What is being asked: Copy the listing verbatim, excluding any images found in it.

Given data:
↓↓↓

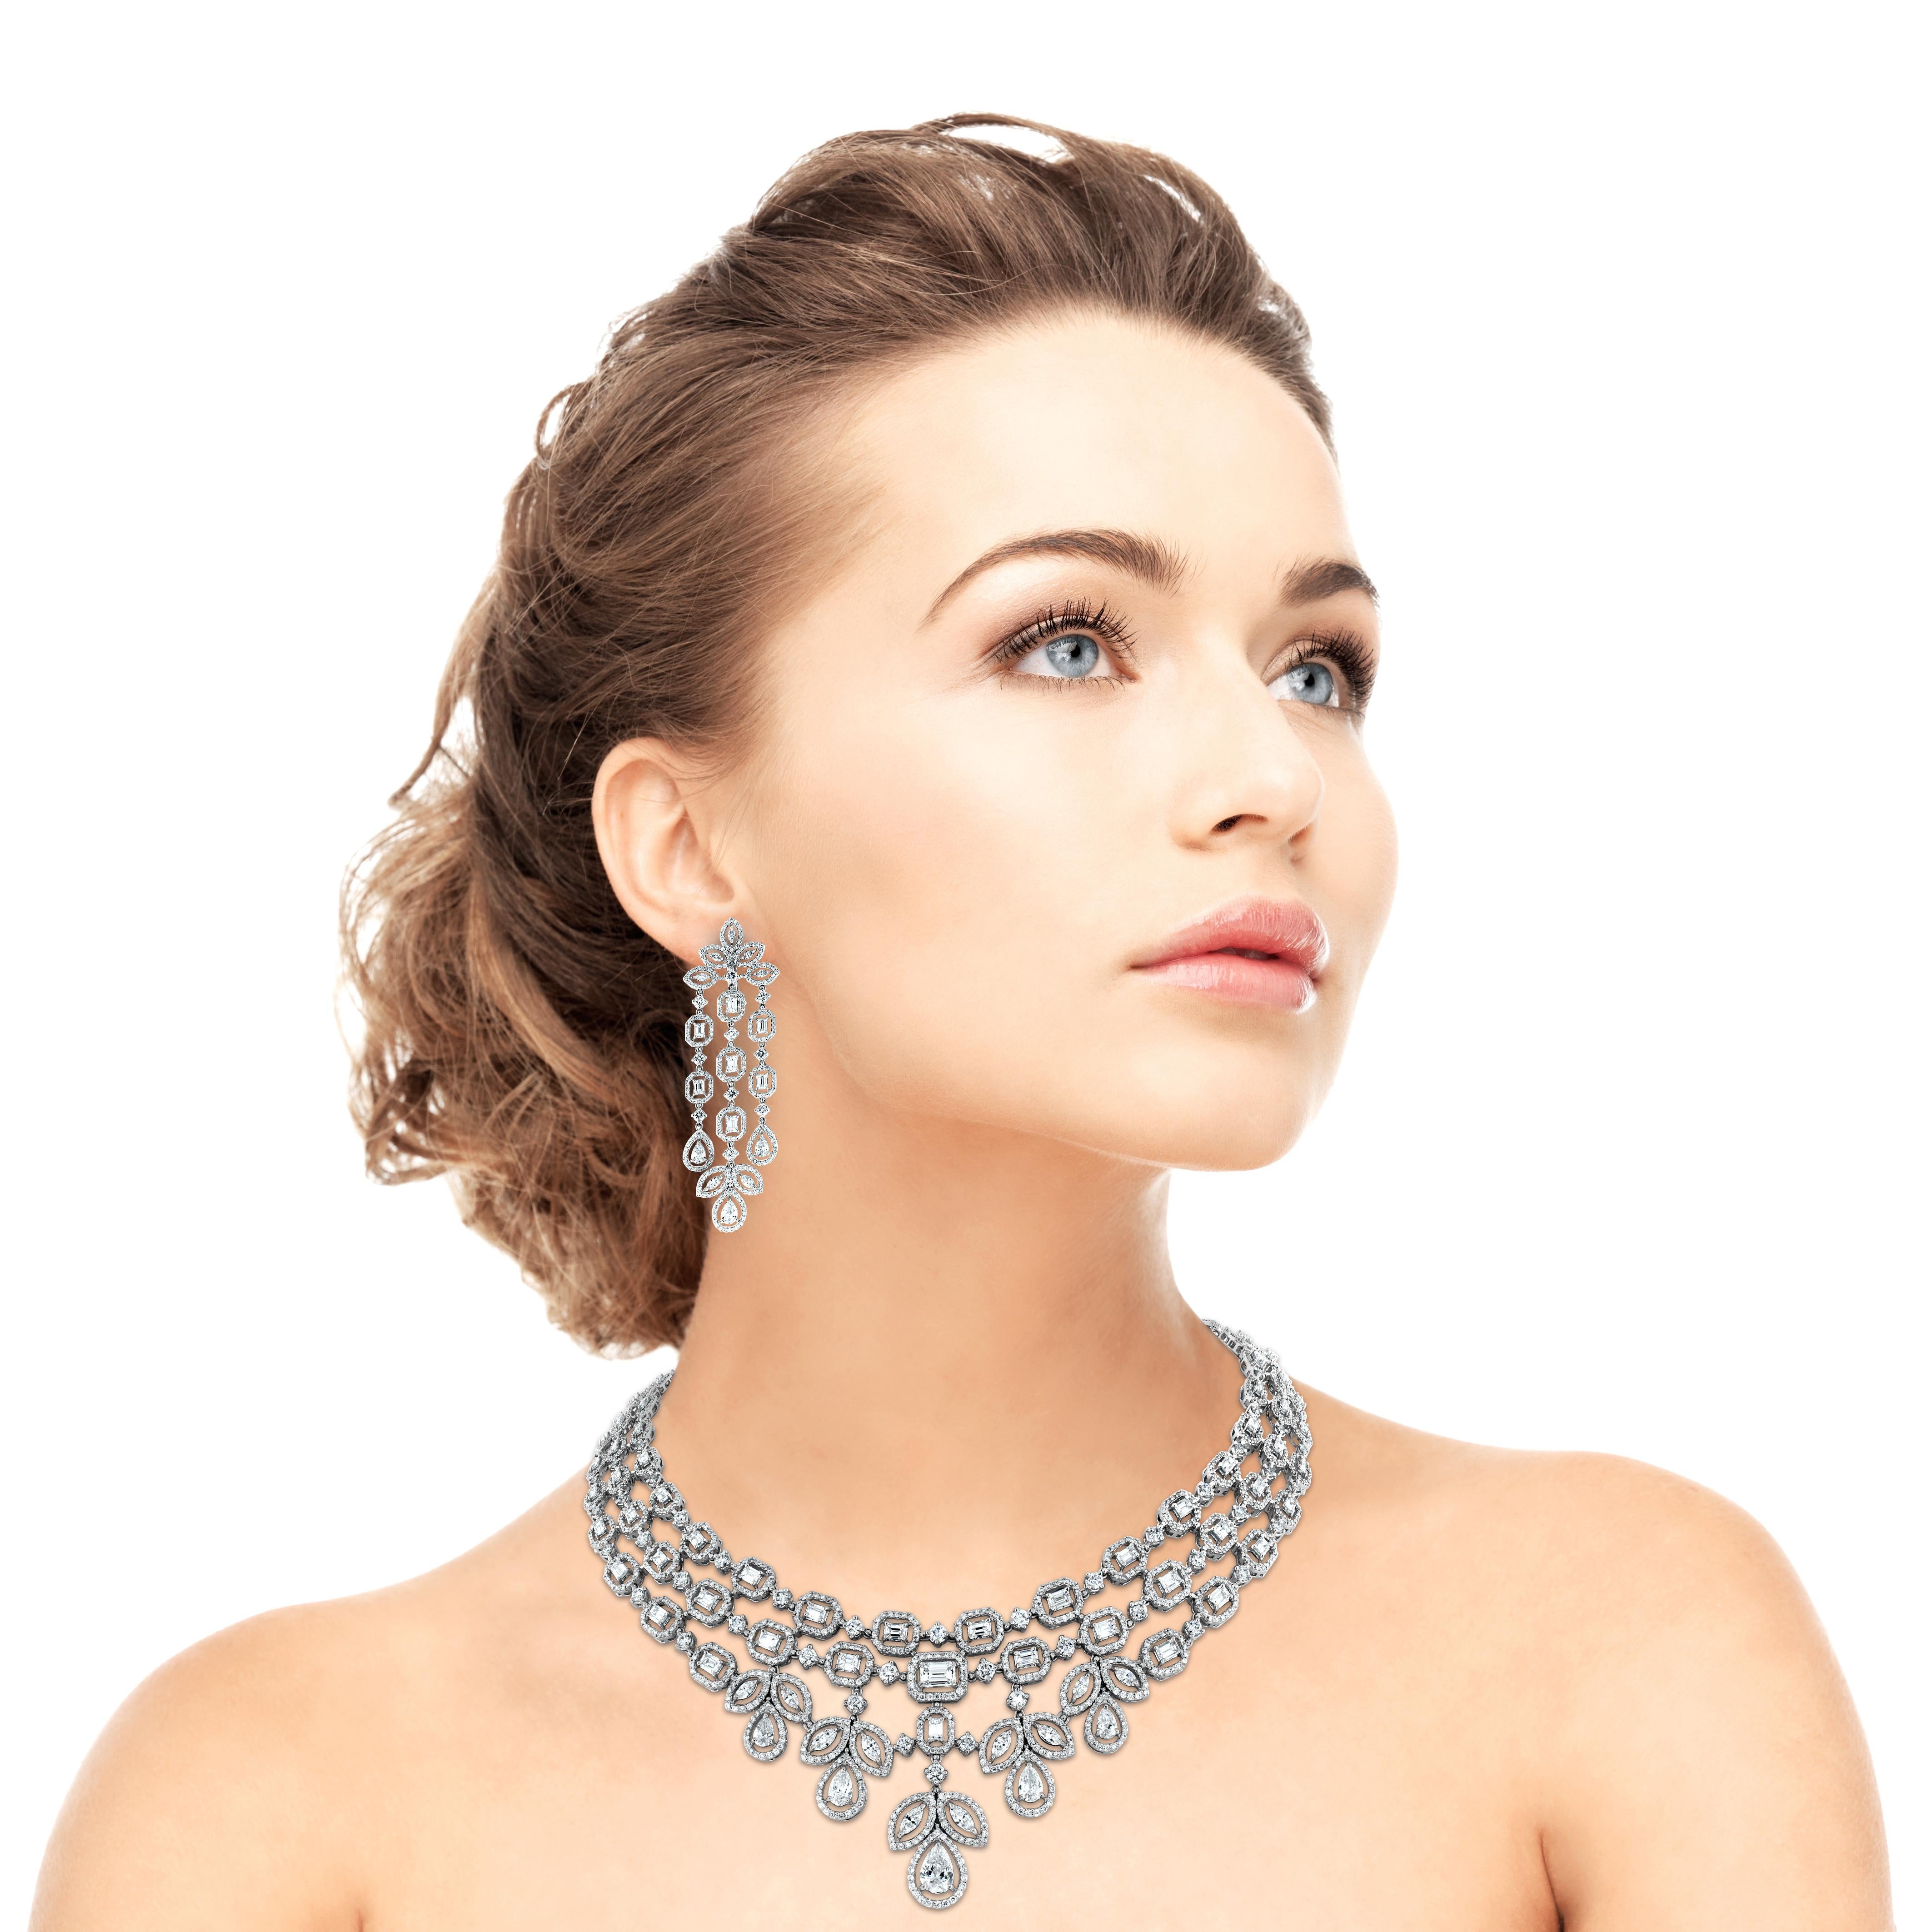 Die Beauvince Legacy Diamant-Halskette & Ohrringe Suite verfügt über ein wichtiges und nachdrückliches Design, das einer Königin angemessen ist. Es ist angegeben, königlich und elegant. Die überdimensionalen Kronleuchter-Ohrringe betonen die
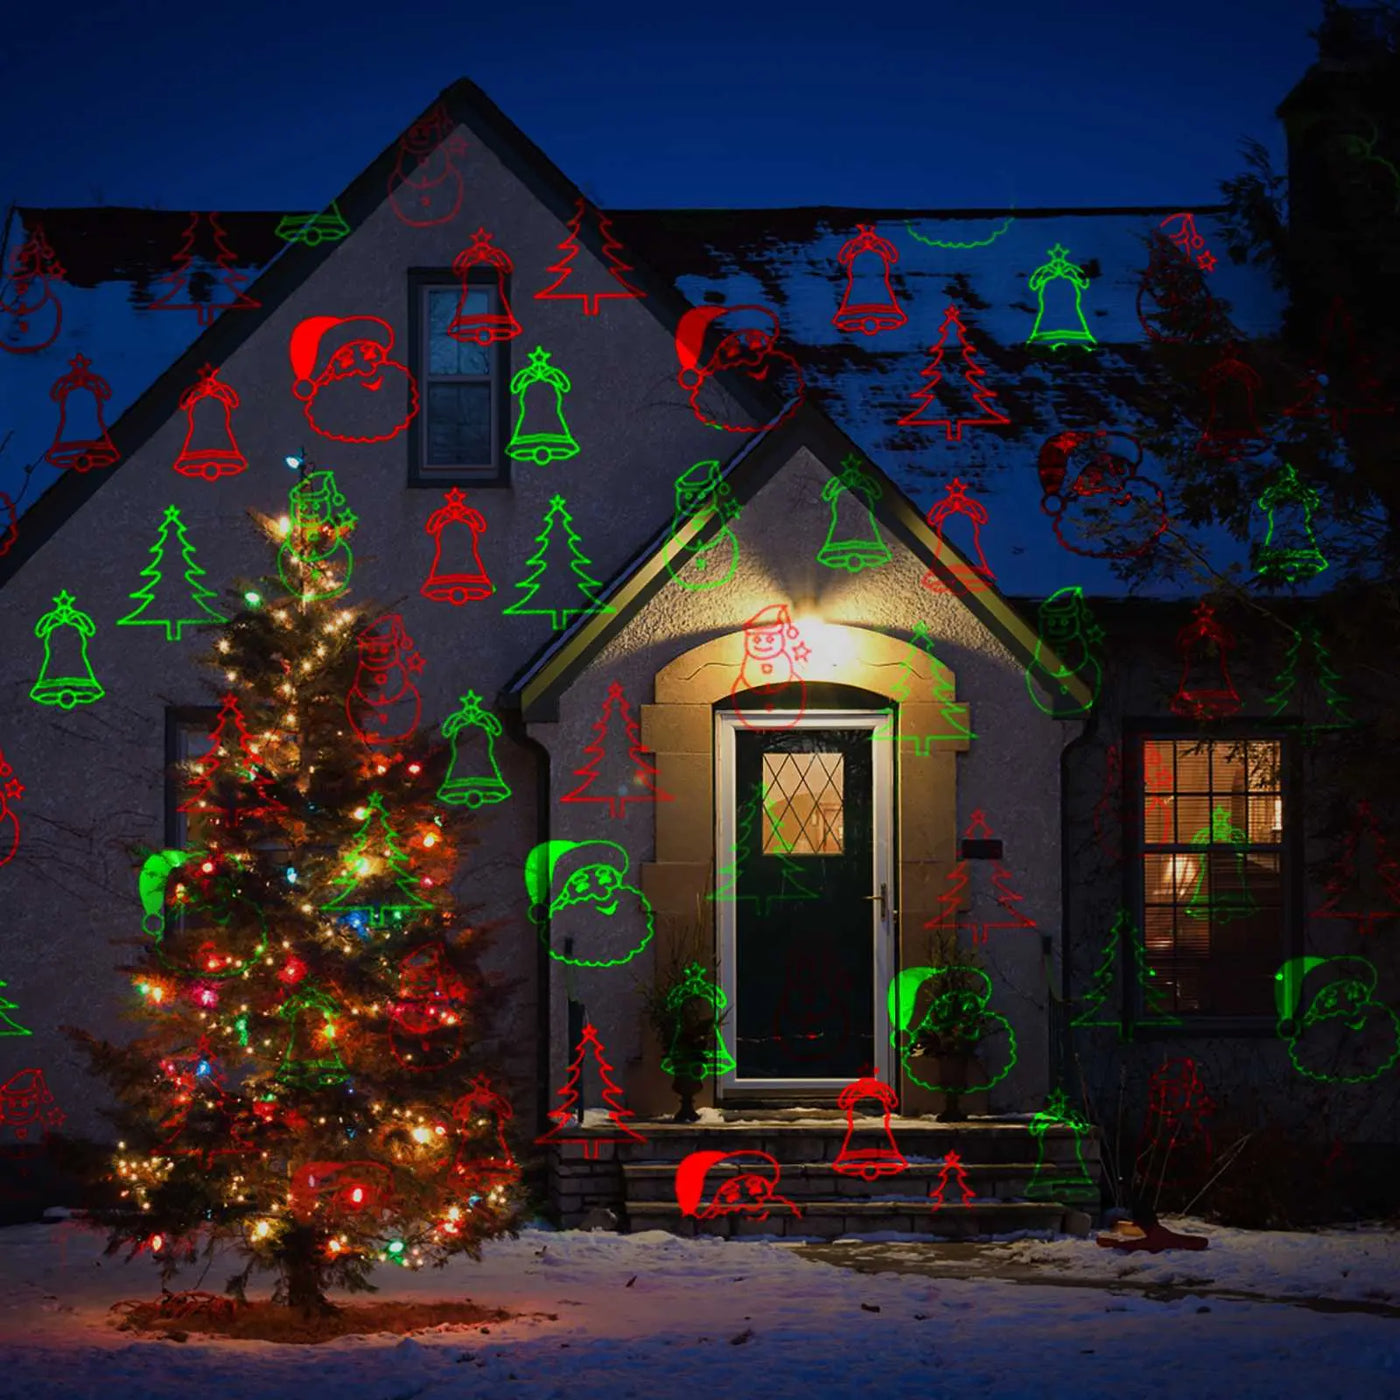 Garden Christmas Projector Lights, Santa Claus, Summer Kswing
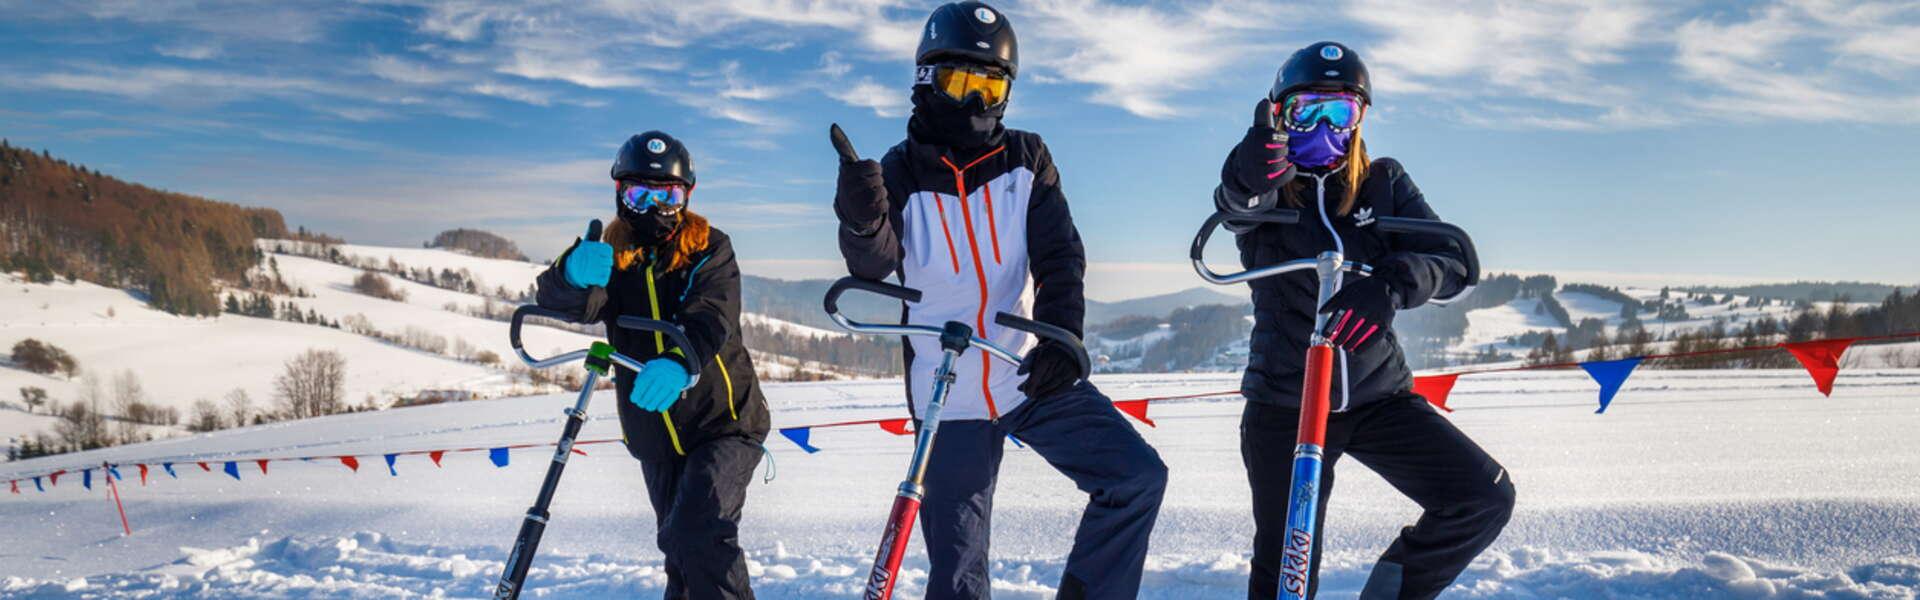 Widok na 3 zadowolone osoby w strojach narciarskich trzymające Skki Trikki do jazdy.

↑↑↑

Answer below:
 Die Beauvince Legacy Diamant-Halskette & Ohrringe Suite verfügt über ein wichtiges und nachdrückliches Design, das einer Königin angemessen ist. Es ist angegeben, königlich und elegant. Die überdimensionalen Kronleuchter-Ohrringe betonen die
 Garden Christmas Projector Lights, Santa Claus, Summer Kswing
 Widok na 3 zadowolone osoby w strojach narciarskich trzymające Skki Trikki do jazdy.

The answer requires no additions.